Cytoreductive surgery and hyperthermic intraperitoneal chemotherapy for the treatment of advanced epithelial and recurrent ovarian carcinoma: a single center experience.

机构信息

a School of Medicine , University of Belgrade , Belgrade , Serbia.

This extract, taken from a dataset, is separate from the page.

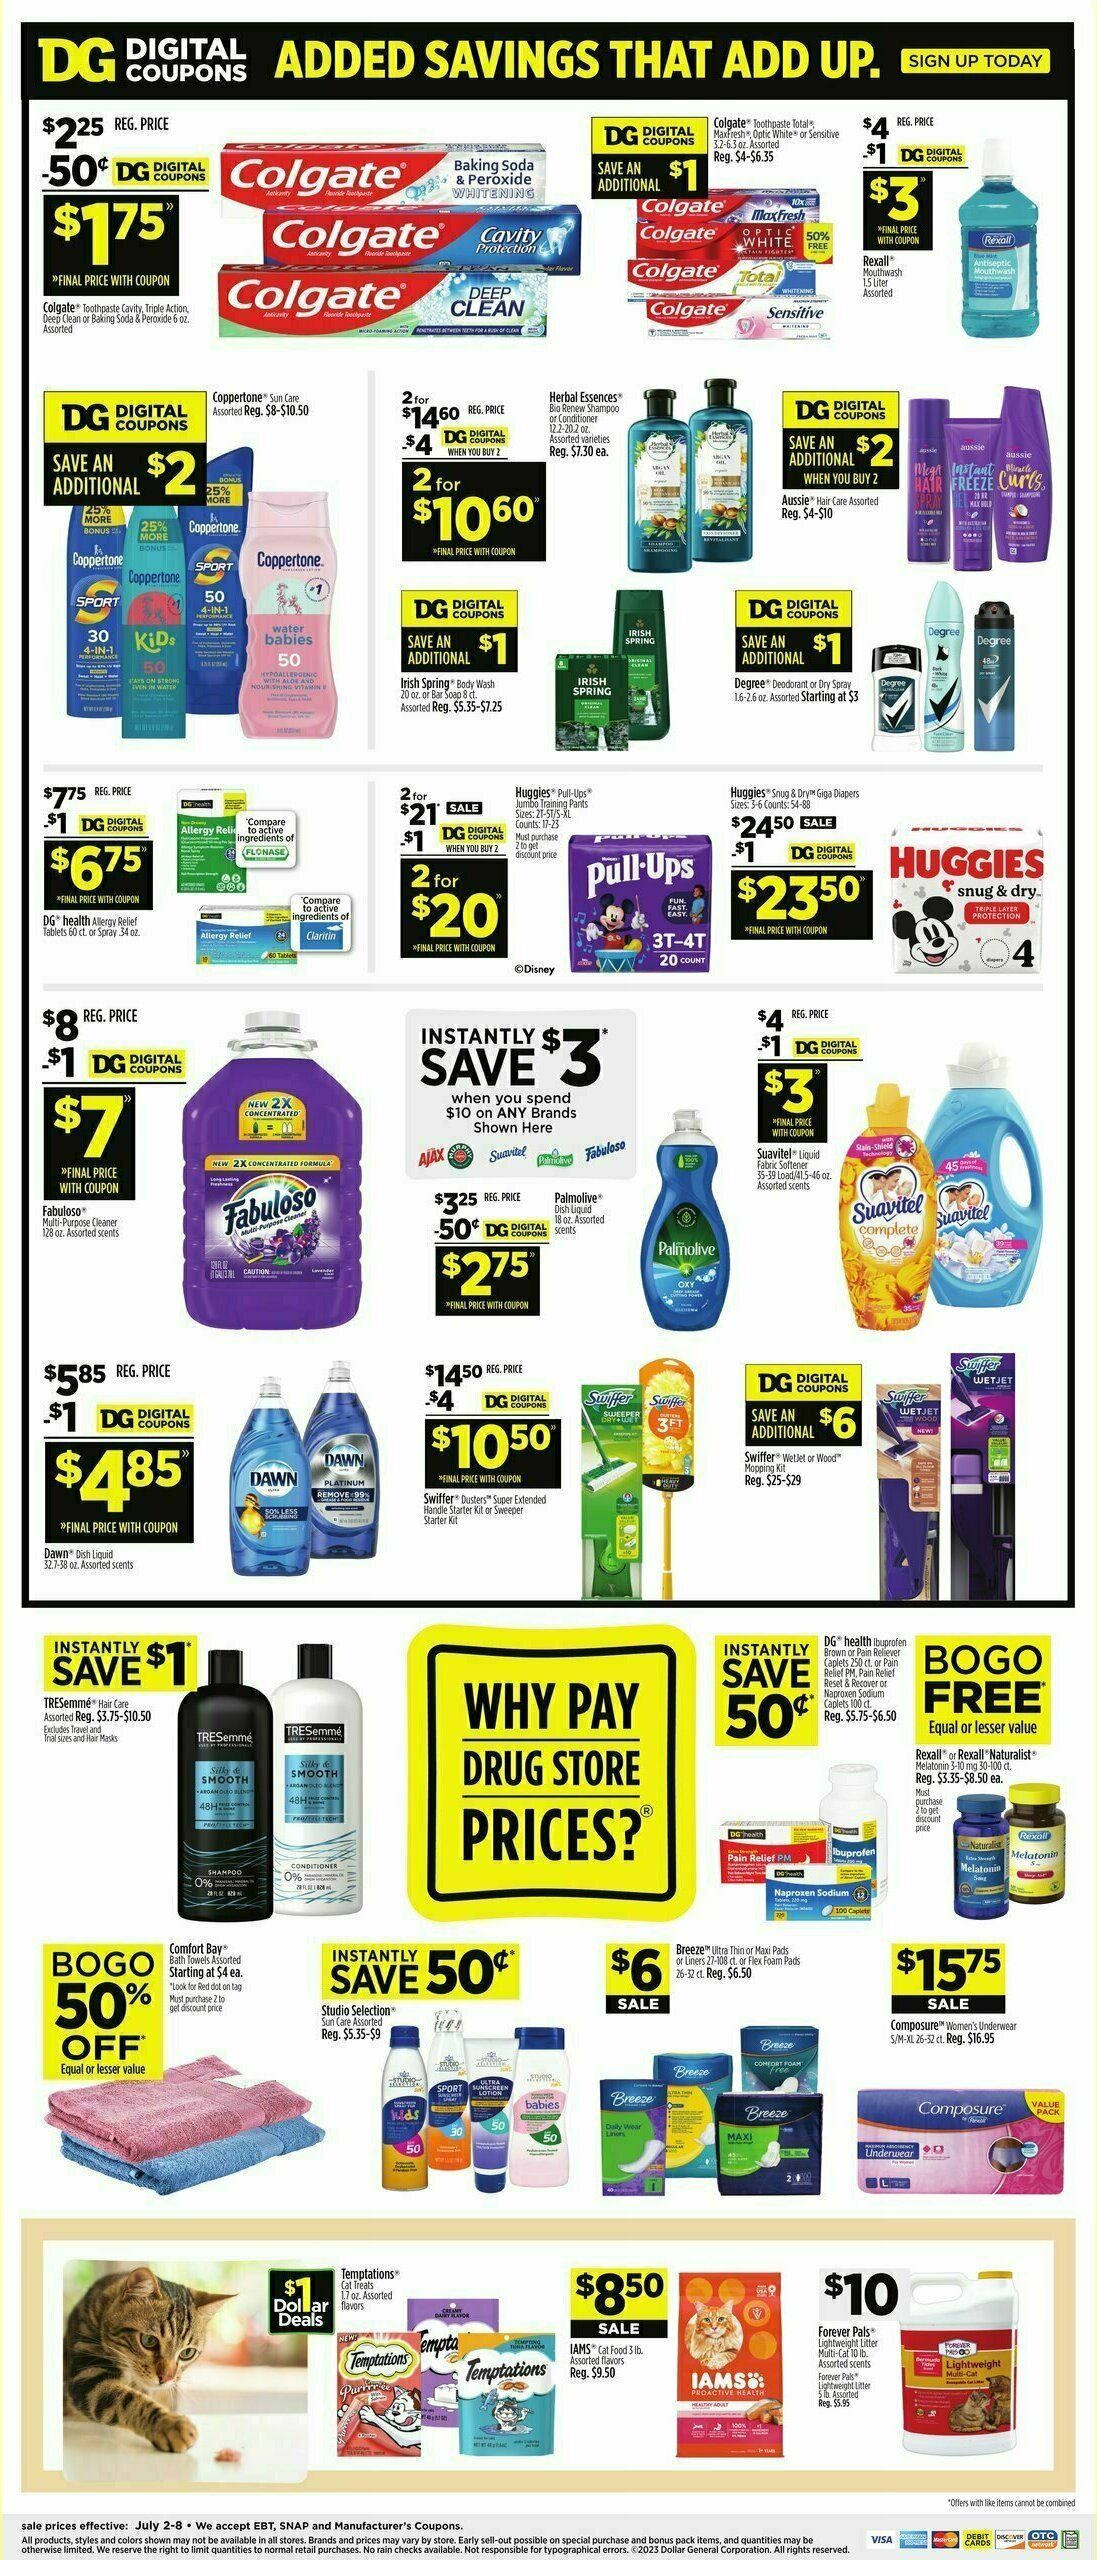 Dollar General Weekly Ad from July 2

b Department for Colorectal and Pelvic Surgery , First Surgical Clinic, Clinical Center of Serbia , Belgrade , Serbia.

出版信息

Int J Hyperthermia. 2018 Aug;34(5):564-569. doi: 10.1080/02656736.2017.1371341. Epub 2017 Sep 7.

Abstract

BACKGROUND

With standard treatment of epithelial ovarian cancer (EOC), prognosis is very poor. The aim of this study is to show early and late results in patients who underwent cytoreductive surgery and intraperitoneal chemotherapy.

PATIENTS AND METHODS

This was a retrospective single centre study. All patients with advanced and recurrent ovarian cancer treated with cytoreductive surgery and hyperthermic intraperitoneal chemotherapy (HIPEC) or modified early postoperative intraperitoneal chemotherapy (EPIC) were included in the study.

RESULTS

In the period 1995-2014, 116 patients were treated, 55 with primary EOC and 61 with recurrent EOC. The mean age was 59 years (26-74). Statistically, median survival time was significantly longer in the group with primary advanced cancer of the ovary (41.3 months) compared to relapsed ovarian cancer (27.3 months). Survival for the primary EOC was 65 and 24% at 3 and 5 years, respectively. Survival for recurrent EOC was 33 and 16% at 3 and 5 years, respectively. Mortality was 1/116 (0.8%). Morbidity was 11/116 (9.5%). Peritoneal cancer index (PCI) was ≤20 in 59 (51%) patients and statistically, their average survival was significantly longer than in the group of 57 (49%) patients with PCI >20 (p = 0.014).

CONCLUSIONS

In advanced or recurrent EOC, a curative therapeutic approach was pursued that combined optimal cytoreductive surgery and intraperitoneal chemotherapy. PCI and timing of the intervention (primary or recurrent) were the strongest independent prognostic factors.

摘要

背景

上皮性卵巢癌(EOC)采用标准治疗,预后极差。本研究旨在展示接受细胞减灭术和腹腔内化疗的患者的早期和晚期结果。

患者和方法

这是一项回顾性单中心研究。所有接受细胞减灭术和腹腔内热化疗(HIPEC)或改良早期术后腹腔内化疗(EPIC)治疗的晚期和复发性卵巢癌患者均纳入本研究。

结果

1995 年至 2014 年期间,共治疗了 116 例患者,其中 55 例为原发性卵巢 EOC,61 例为复发性卵巢 EOC。平均年龄为 59 岁(26-74 岁)。统计上,原发性晚期卵巢癌组的中位生存时间(41.3 个月)明显长于复发性卵巢癌组(27.3 个月)。原发性 EOC 的 3 年和 5 年生存率分别为 65%和 24%。复发性 EOC 的 3 年和 5 年生存率分别为 33%和 16%。死亡率为 1/116(0.8%)。发病率为 11/116(9.5%)。腹膜癌指数(PCI)≤20 的患者有 59 例(51%),统计上,他们的平均生存时间明显长于 PCI>20 的 57 例患者(p=0.014)。

结论

在晚期或复发性 EOC 中,采用了结合最佳细胞减灭术和腹腔内化疗的治愈性治疗方法。PCI 和干预时机(原发性或复发性)是最强的独立预后因素。